Die slowakische Regierung hat eine Änderung des Strafgesetzbuches beschlossen, die es denjenigen ermöglicht, die Beneš-Dekrete als Unrecht zu bezeichnen. Diese Dekrete, die nach dem Zweiten Weltkrieg in der Tschechoslowakei verhängt wurden, sind bis heute gültig und werden auch noch angewandt.

Die Änderung ist jedoch umstritten, da sie diejenigen, die die Dekrete in Frage stellen, mit bis zu sechs Monaten Haft bedroht. Diese Entscheidung hat zu Sorgen um die politischen Beziehungen zwischen Preßburg und Budapest geführt, insbesondere im Hinblick auf die ungarische Minderheit in der Slowakei.

Die Änderung könnte möglicherweise ein Keil zwischen den guten politischen Beziehungen zwischen den beiden Ländern treiben. Die Beneš-Dekrete waren eine Reihe von Gesetzen, die nach dem Zweiten Weltkrieg in der Tschechoslowakei verhängt wurden und die Angehörigen nationaler Minderheiten wie Deutscher, Ungarn und andere diskriminierten.

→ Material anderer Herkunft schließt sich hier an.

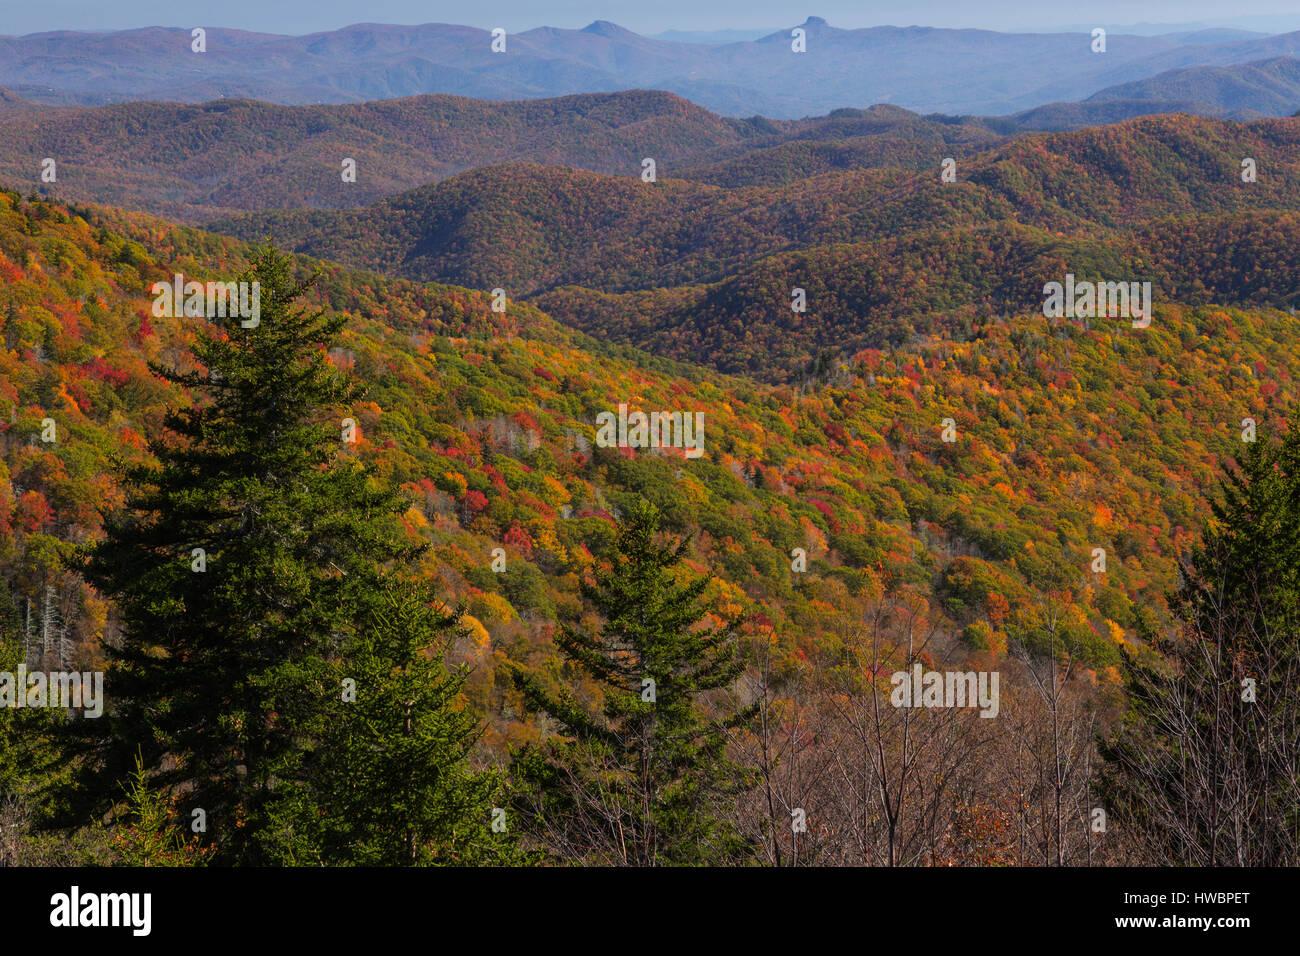 Fall colors along the Blue Ridge Parkway, NC, USA - Stock Image

Die Dekrete führten zu einer massenhaften Vertreibung von Menschen aus den betroffenen Gebieten nach 1945. Die slowakische Regierung hat nun eine Änderung des Strafgesetzbuches beschlossen, die es denjenigen ermöglicht, diese Dekrete als Unrecht zu bezeichnen und diejenigen, die sie in Frage stellen, mit Haftstrafen zu bedrohen. Die Änderung ist jedoch umstritten, da sie die politische Landschaft in der Slowakei und Tschechei beeinflussen könnte.

Die ungarische Regierung hat bereits ihre Bedenken gegen die Änderung geäußert und befürchtet, dass sie zu Spannungen zwischen den beiden Ländern führen könnte. Die slowakische Regierung hingegen argumentiert, dass die Änderung notwendig sei, um die Wahrheit über die Vergangenheit aufzudecken und die Rechte der ungarischen Minderheit in der Slowakei zu schützen.

Die Situation ist komplex und es bleibt abzuwarten, wie sich die politische Landschaft in der Slowakei und Tschechei entwickeln wird. Die Änderung des Strafgesetzbuches hat jedoch bereits zu Sorgen um die politischen Beziehungen zwischen Preßburg und Budapest geführt und könnte möglicherweise ein Keil zwischen den guten politischen Beziehungen zwischen den beiden Ländern treiben.